Watching episodes of Little Fires Everywhere is truly a feast for the eyes. Thanks to very talented casting, incredible sets, and an amazing costume department, pretty much every shot is picture-perfect. But gaze too long at any one frame of the show and you may start to wonder — when exactly does it take place? Here’s what we know about the time setting of Little Fires Everywhere.
When does ‘Little Fires Everywhere’ take place? The time setting is in the late '90s.
Shaker Heights, the real-life community where Little Fires Everywhere takes place — has been around for quite a while. It was first established in 1909 and was incorporated as a village in 1912. But, obviously, Little Fires Everywhere doesn’t take place in the early 20th century.
It actually takes place between 1997 and 1998 — the main clues are the outfits and lack of anything resembling a smartphone in the first three episodes (available to stream on Hulu now!). Also, those shoulder pads? Come on. ‘90s all the way. The late ‘90s were a particularly interesting time for Shaker Heights residents, so it makes perfect sense that the story takes place during this time.
The very first shot of the series shows the Richardsons' home engulfed in flames, then we see a flashback that says it takes place “four months earlier” in August of 1997. That puts the fire at either December 1997 or January 1998 (depending on what part of August the flashback takes place in). In the book, the fire takes place in 1998 and Elena rents the apartment to Mia and Pearl a full year before that.
Celeste Ng, who wrote the book the miniseries is based on, lived in Shaker Heights in the ‘90s.
Celeste Ng lived in Shaker Heights from 1990 until 1998 when she left for college. In an interview with The Guardian about the novel, Celeste spoke about the conversations the people of Shaker Heights were having surrounding race during the late ‘90s.
“What I remember about race relations in the 1990s is that you showed your awareness by saying you didn’t see race, that you were color-blind,” she said. “The assumption was still that everybody is equal, we can overcome racism. Now our understanding is more complicated. Everyone is not equal – we have a bigger understanding of privilege.”
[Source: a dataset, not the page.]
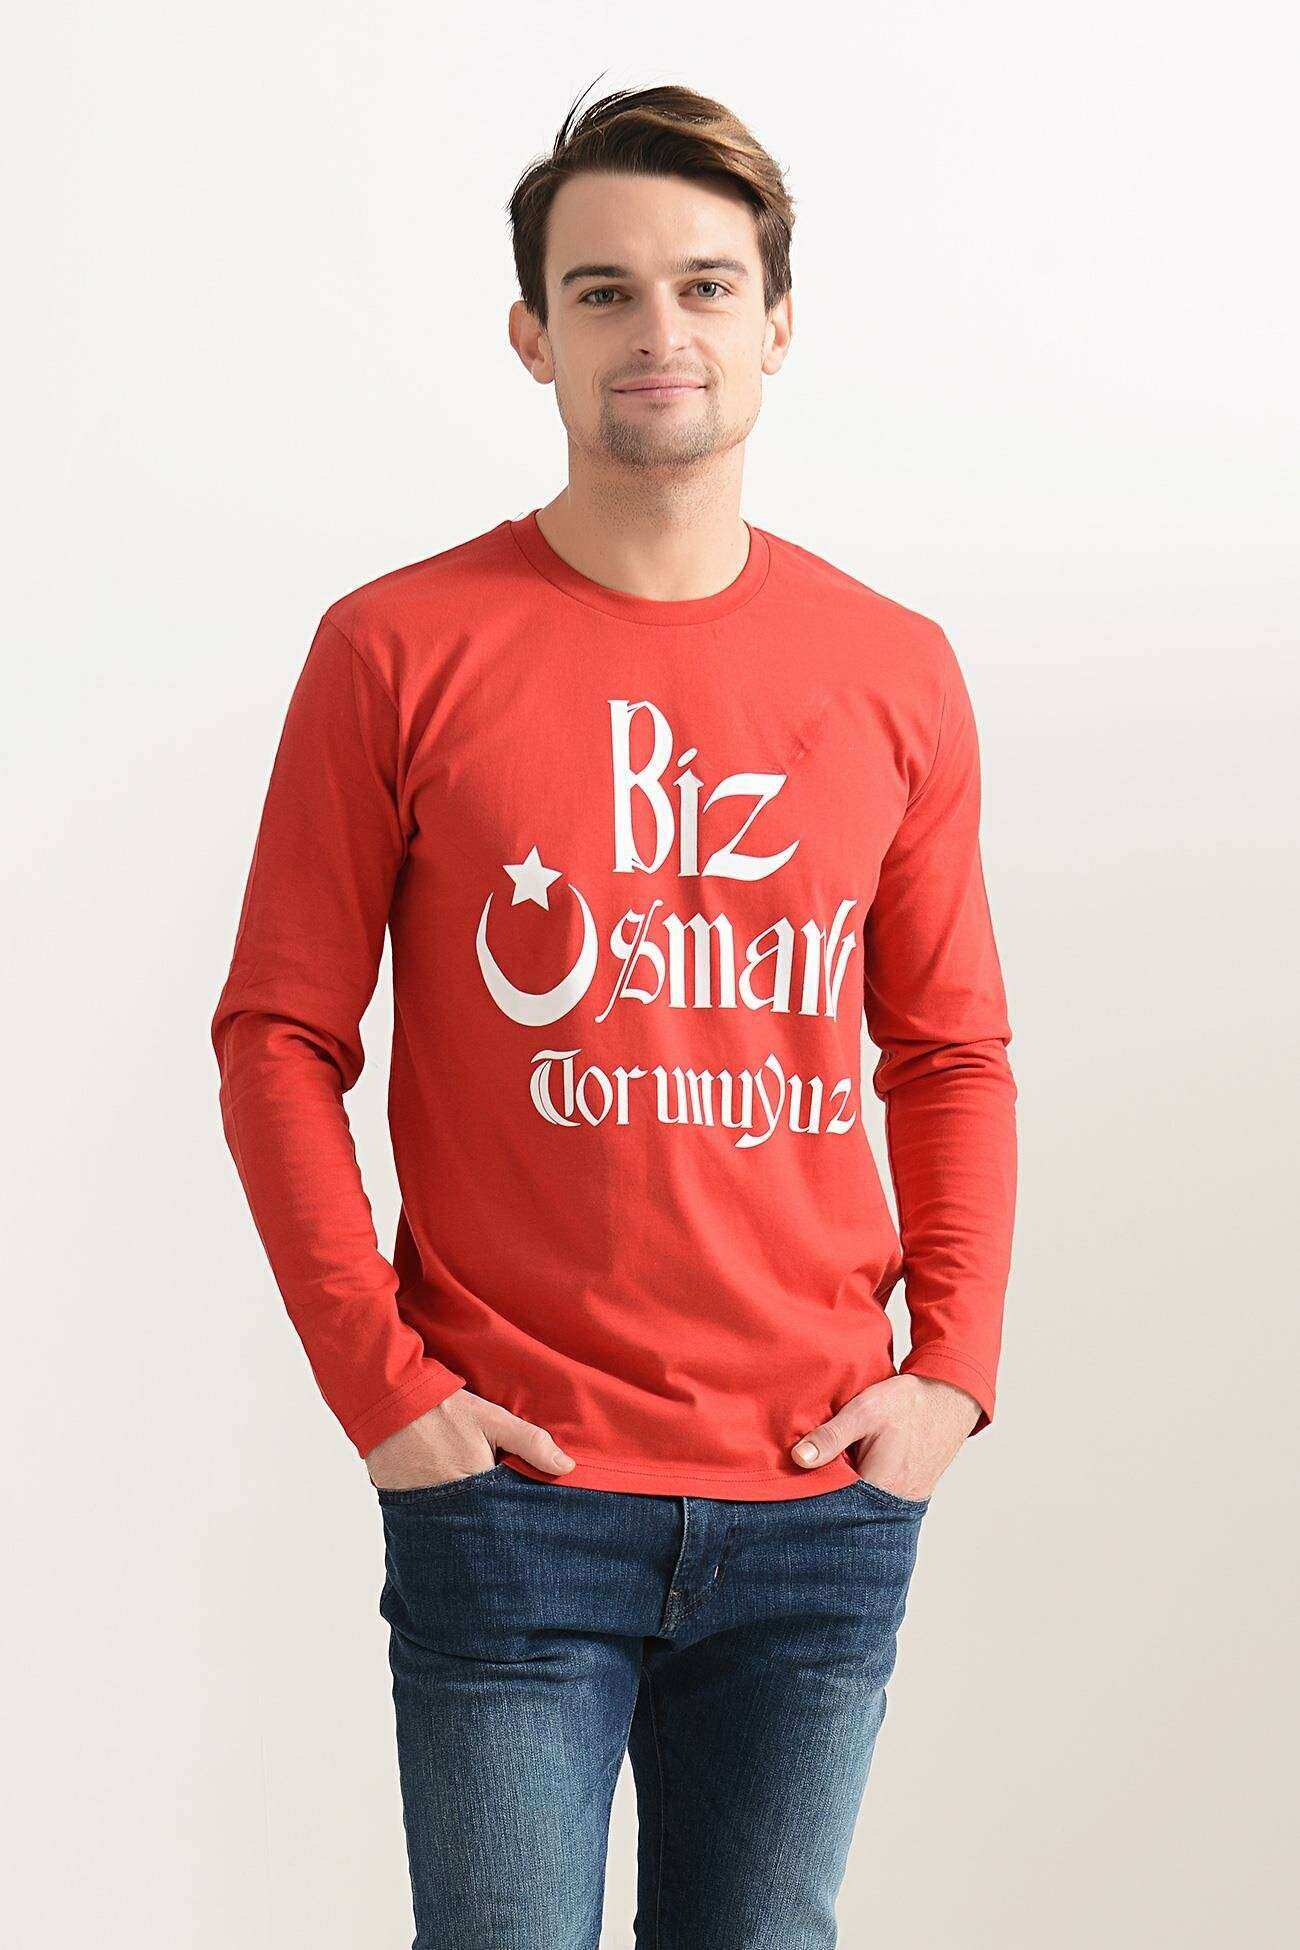 Tshirthane Biz Osmanlı Torunuyuz Baskılı Kırmızı Erkek Sweatshirt Uzun kol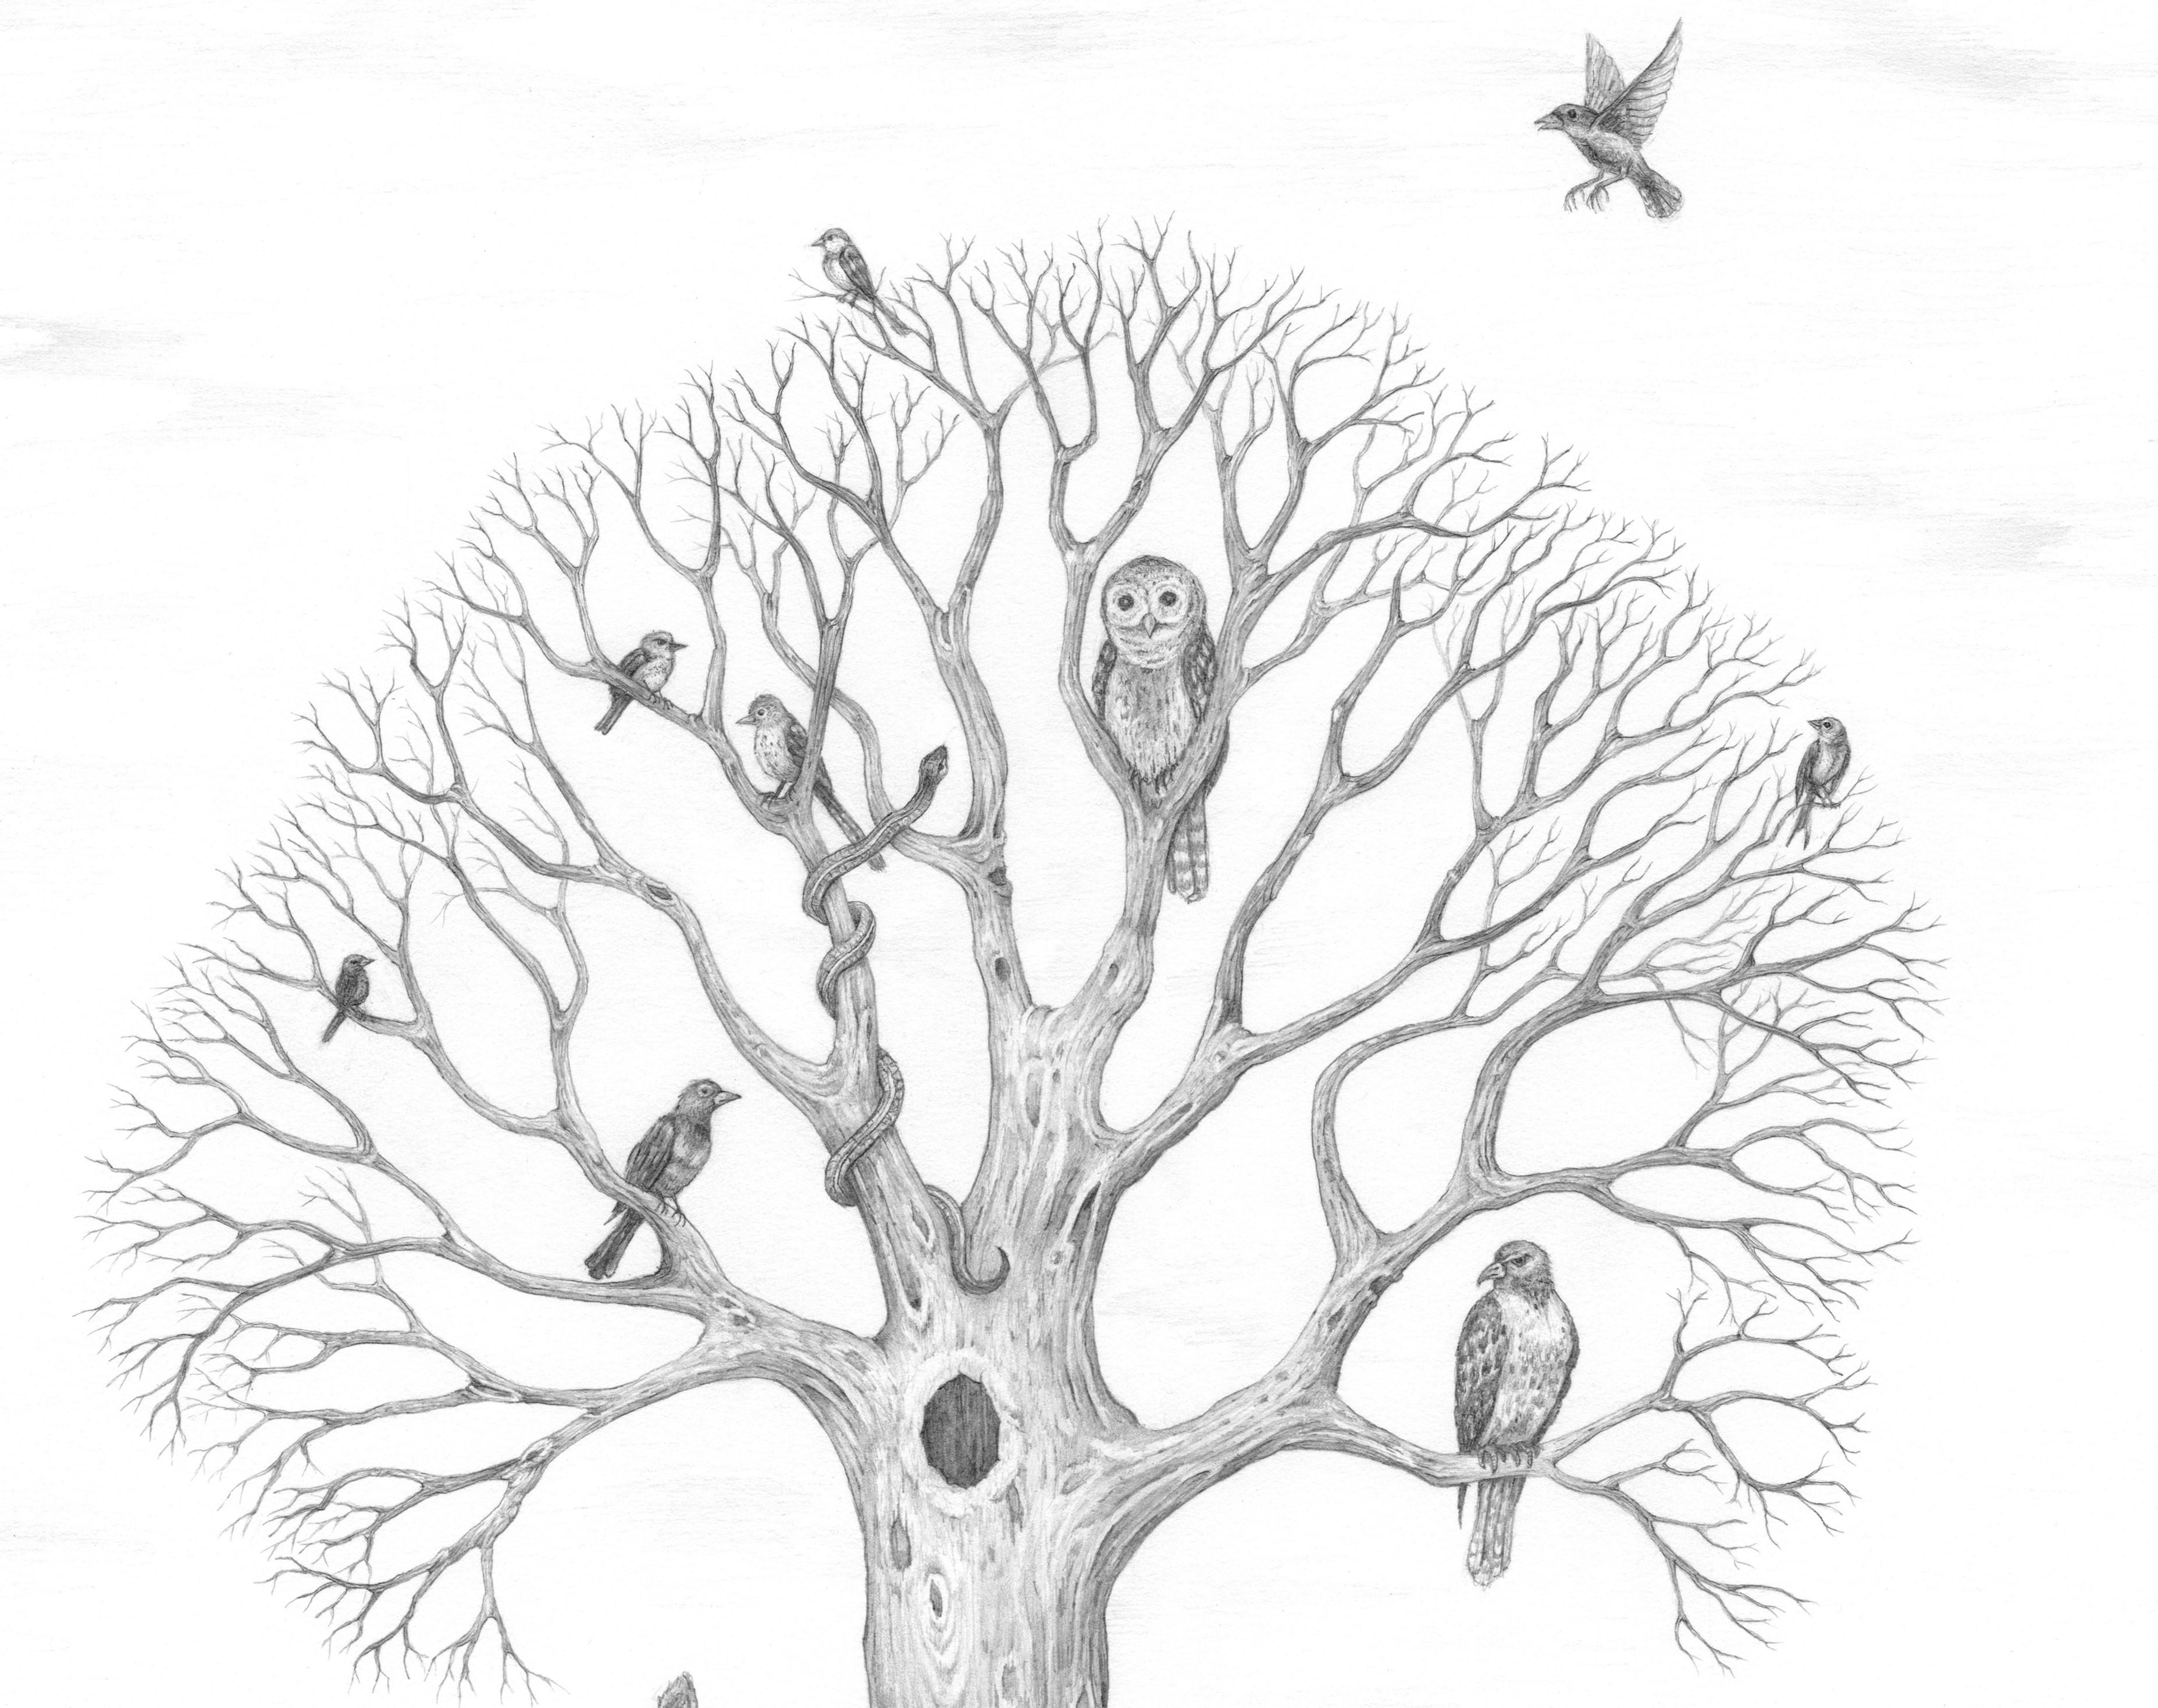 Tales from the Woods ist eine Sammlung von Zeichnungen und Drucken von Mark Hosford, die sich mit der Interaktion des Menschen mit der Natur und seinen einzigartigen Beziehungen zur Natur befassen. Mark Hosford hat einen BFA in Studio Arts von der

Just a few minutes into the new Hulu series and you can see that same assumption at work in the main characters’ lives — particularly in Elena Richardson (played by Reese Witherspoon), who pats herself on the back for not being racist while still actively engaging in microaggressions and implicit biases. Sure, she rented her home to a black woman, but she also called the cops on that woman for looking suspicious.
Obviously, the themes of racism and privilege are things we’re still grappling with today on a global scale, but having Little Fires Everywhere take place in the ‘90s is certainly an interesting choice. It forces modern-day audiences to really consider how much progress we’ve made over the past 30 years. Or whether we’ve truly made any.
You can stream the first three episodes of Little Fires Everywhere on Hulu now, and new episodes will be streaming on Wednesdays.